### TO DO
Images are not part of the copy; transcribe all the data exactly.

### DATA EXCERPT

= Beginning of Section =

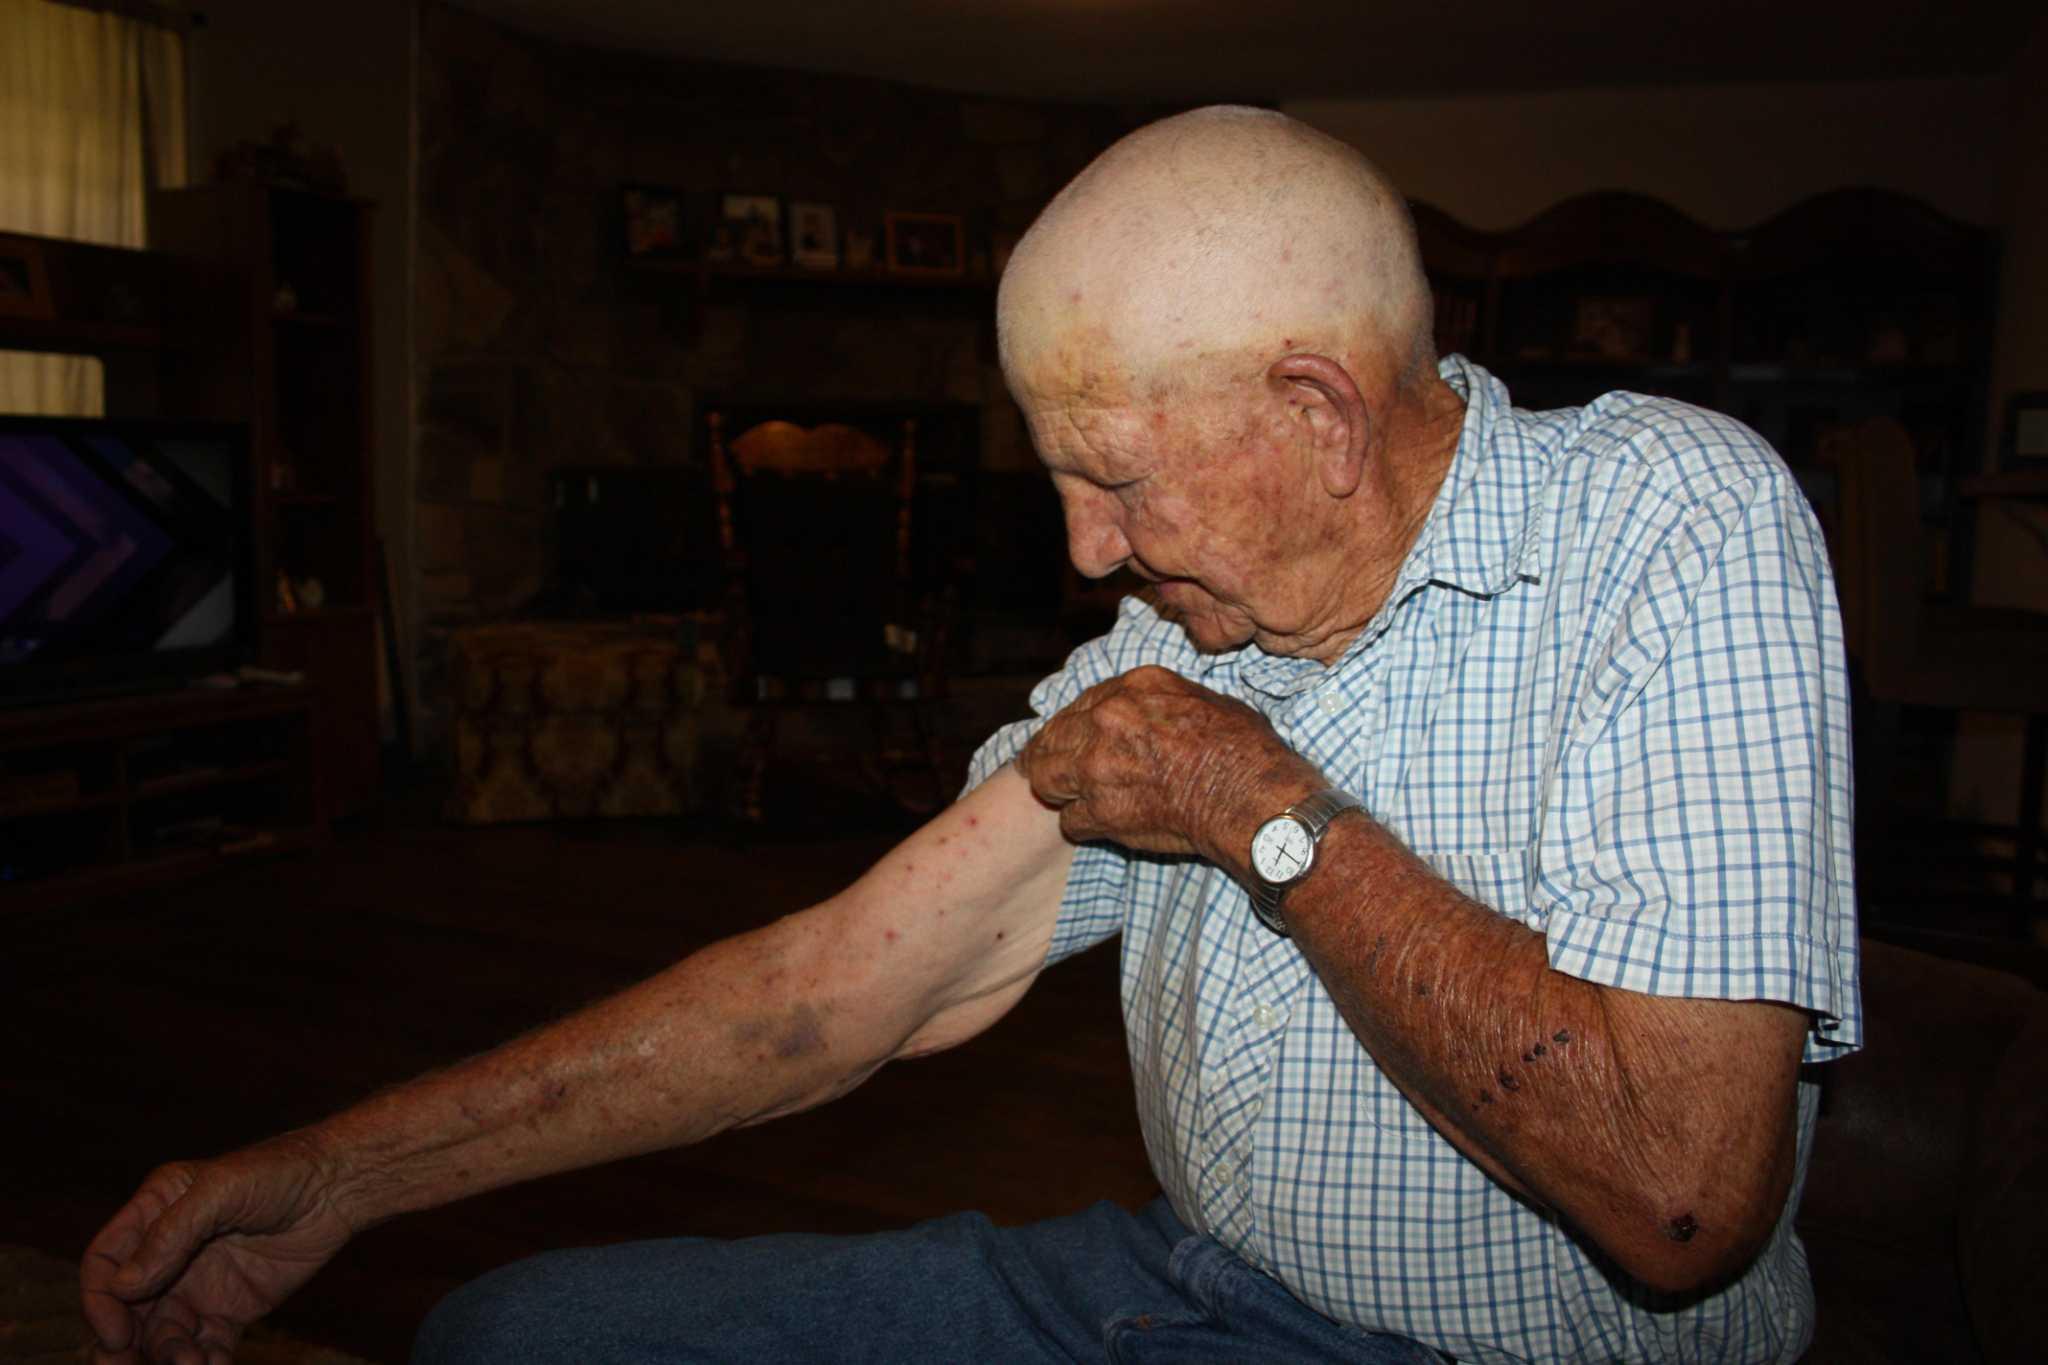 Tarkington man survives aggressive bee attack - Houston Chronicle
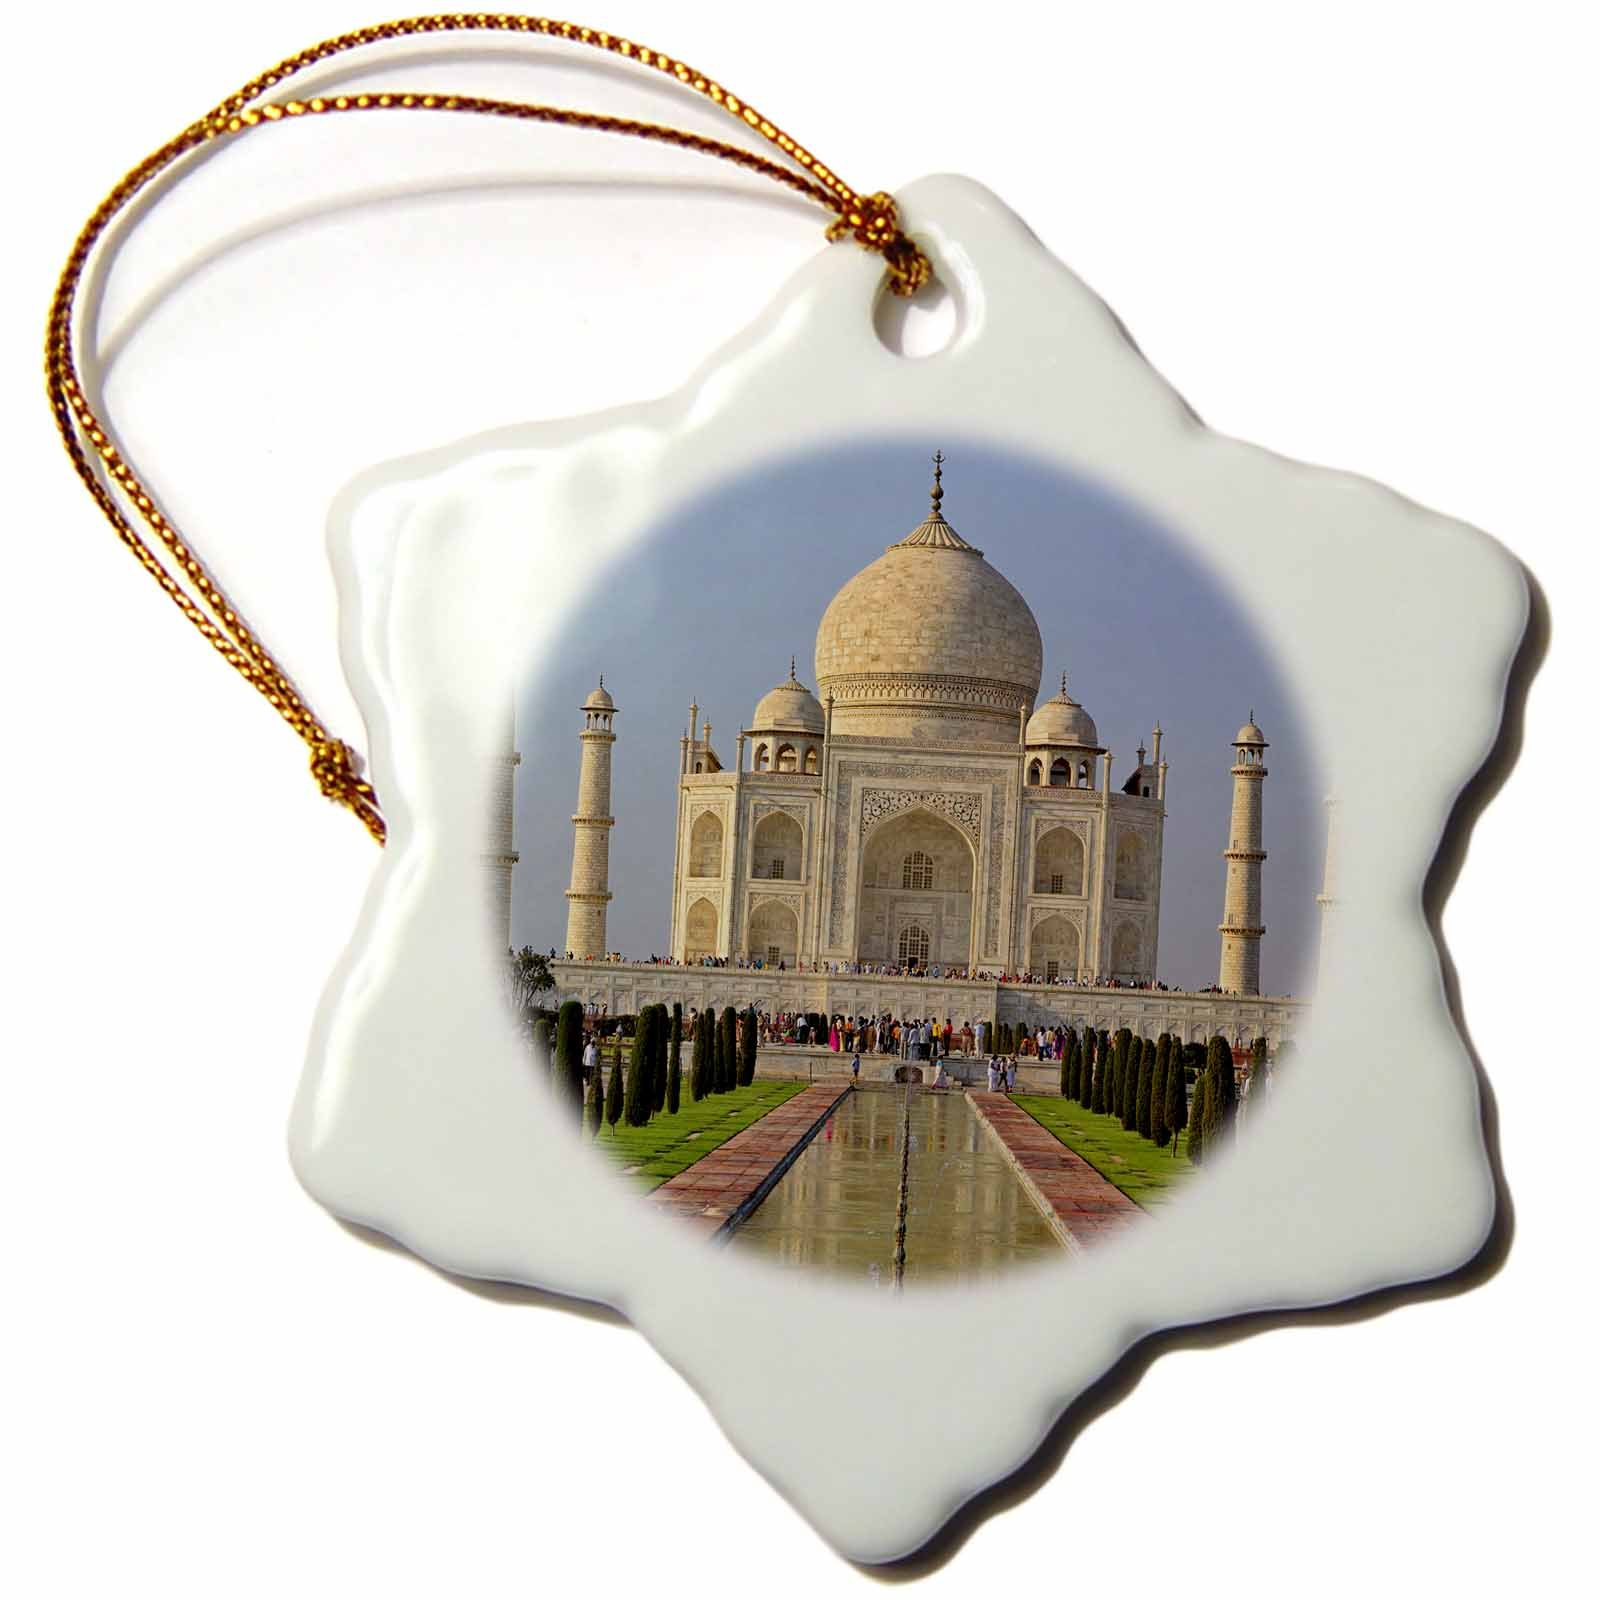 3dRose orn_75425_1 Taj Mahal, Agra, India-As10 Aje0014-Adam Jones-Snowflake Ornament, 3-Inch, Porcelain by 3dRose (Image #1)
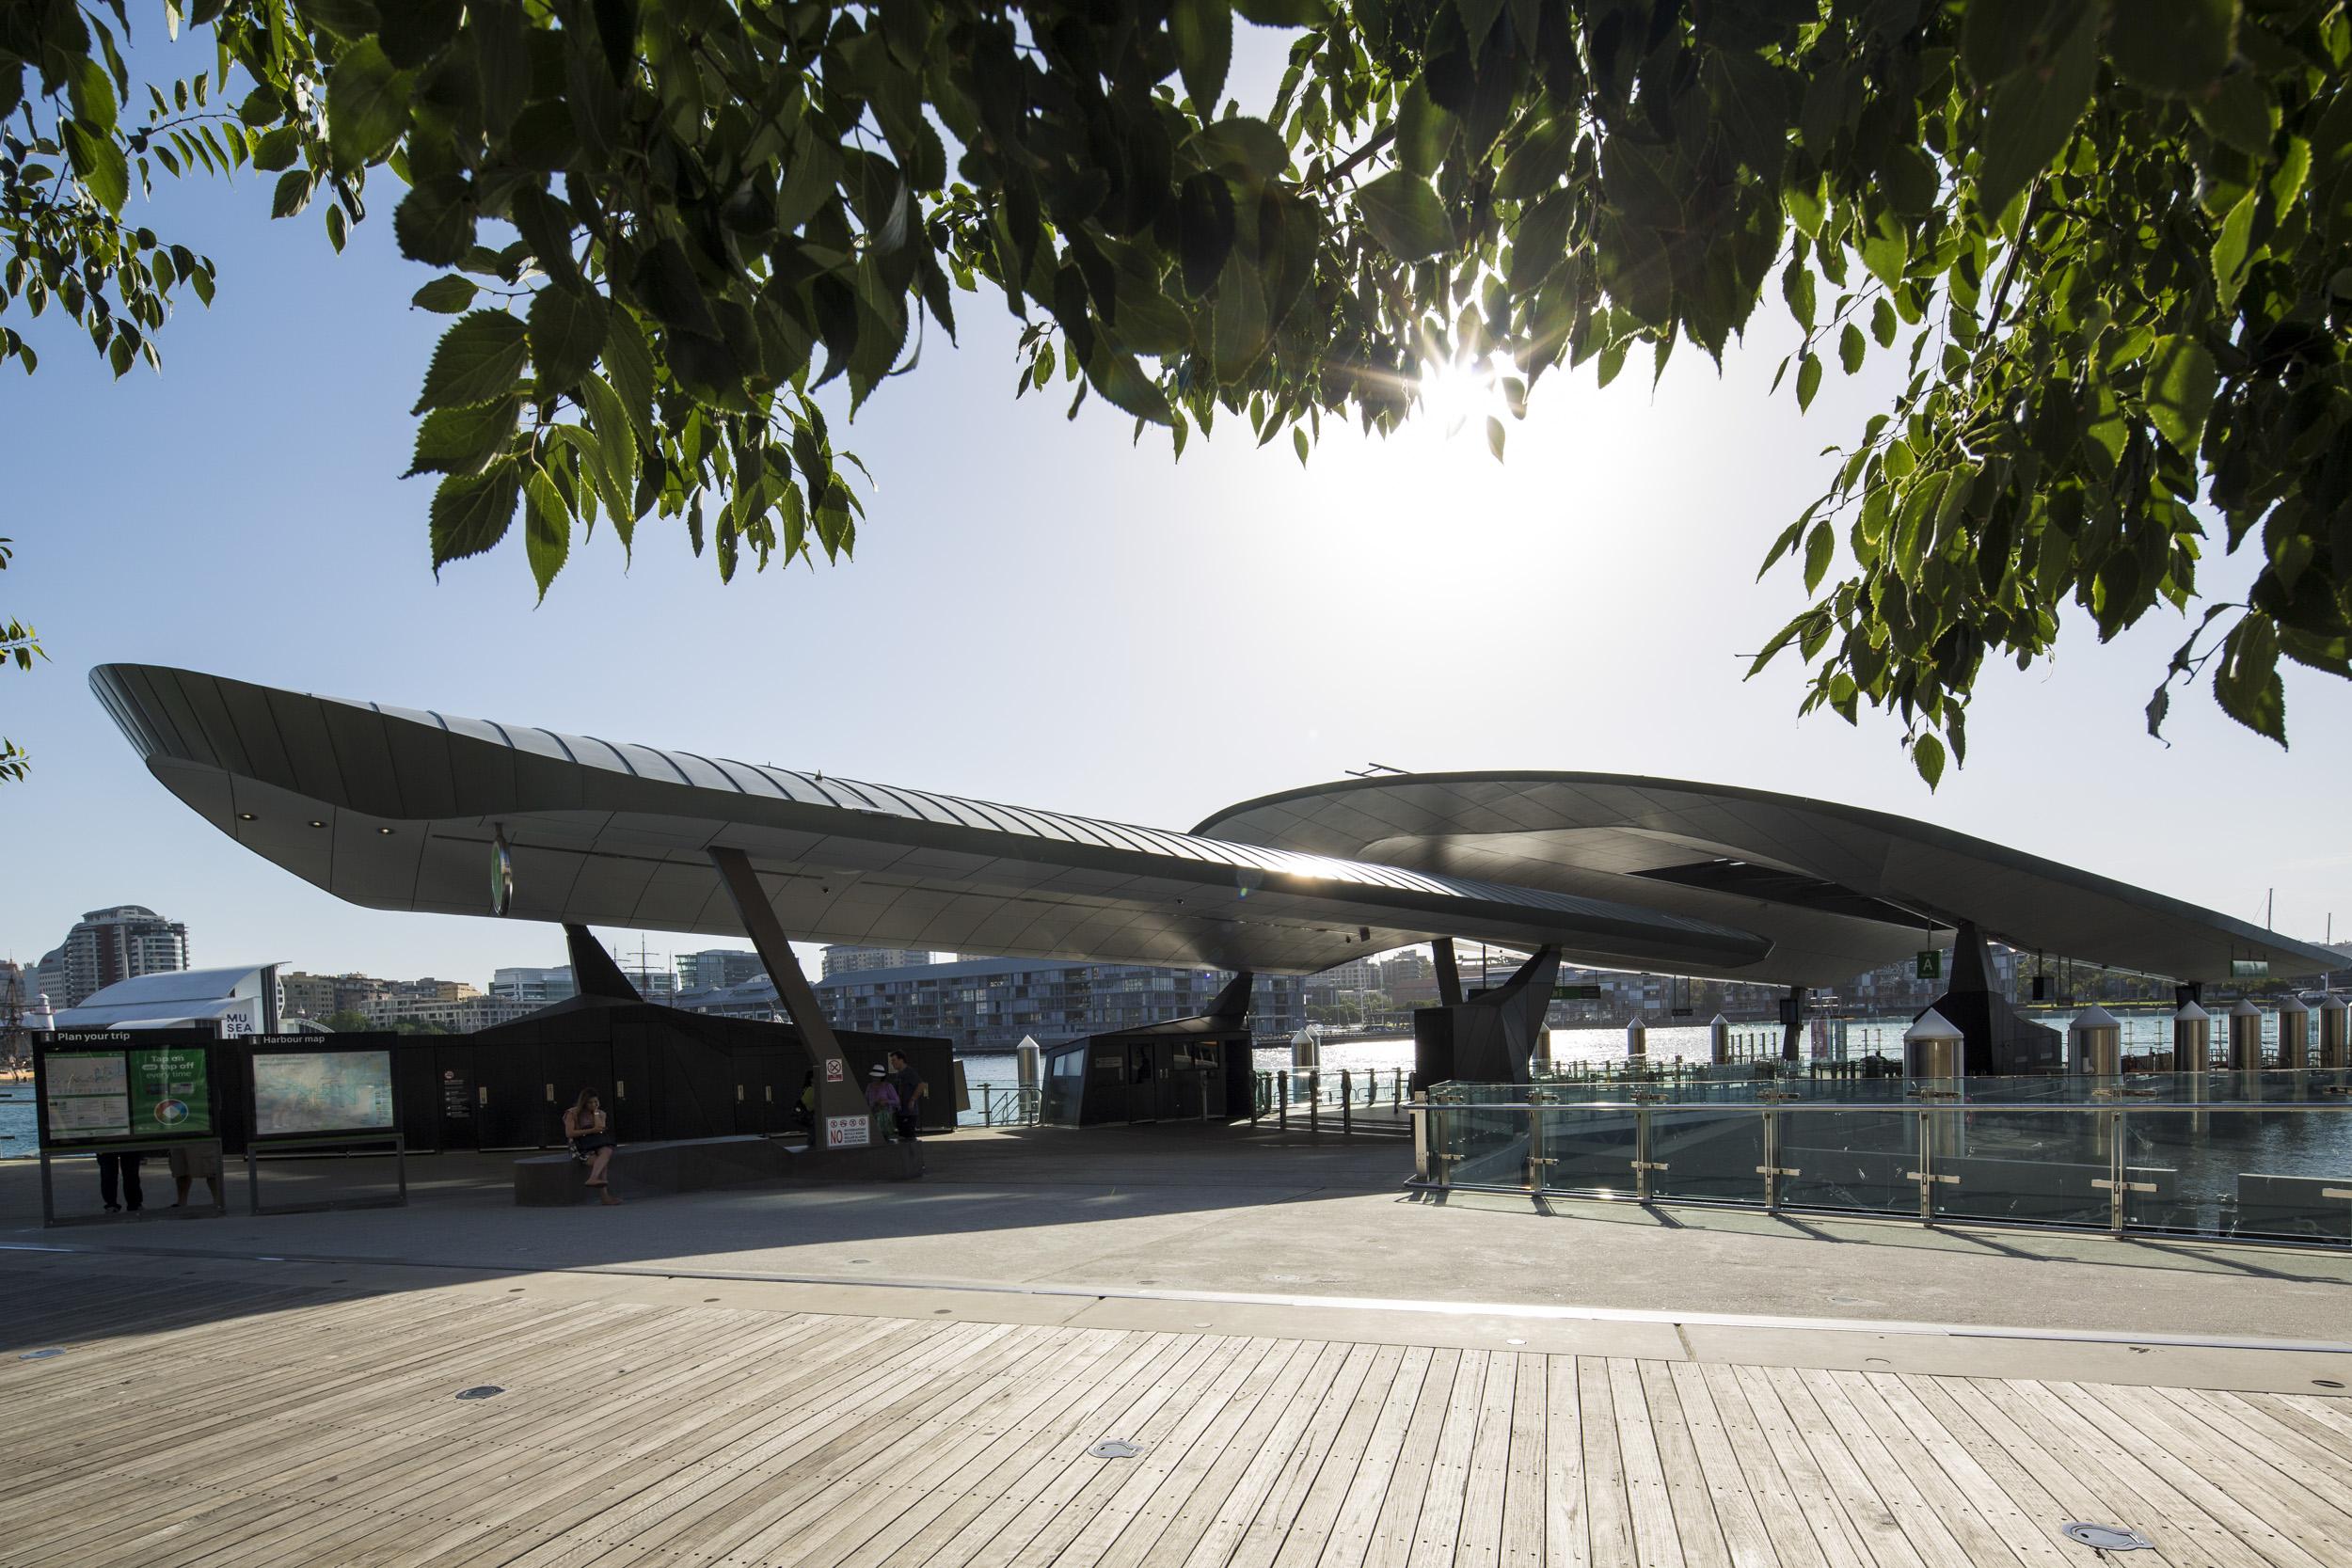 Barangaroo_wharf_cox_architecture_sydney_05.jpg

= End of Section =

### RESPONSE
 Tarkington man survives aggressive bee attack - Houston Chronicle
 3dRose orn_75425_1 Taj Mahal, Agra, India-As10 Aje0014-Adam Jones-Snowflake Ornament, 3-Inch, Porcelain by 3dRose (Image #1)
 Barangaroo_wharf_cox_architecture_sydney_05.jpg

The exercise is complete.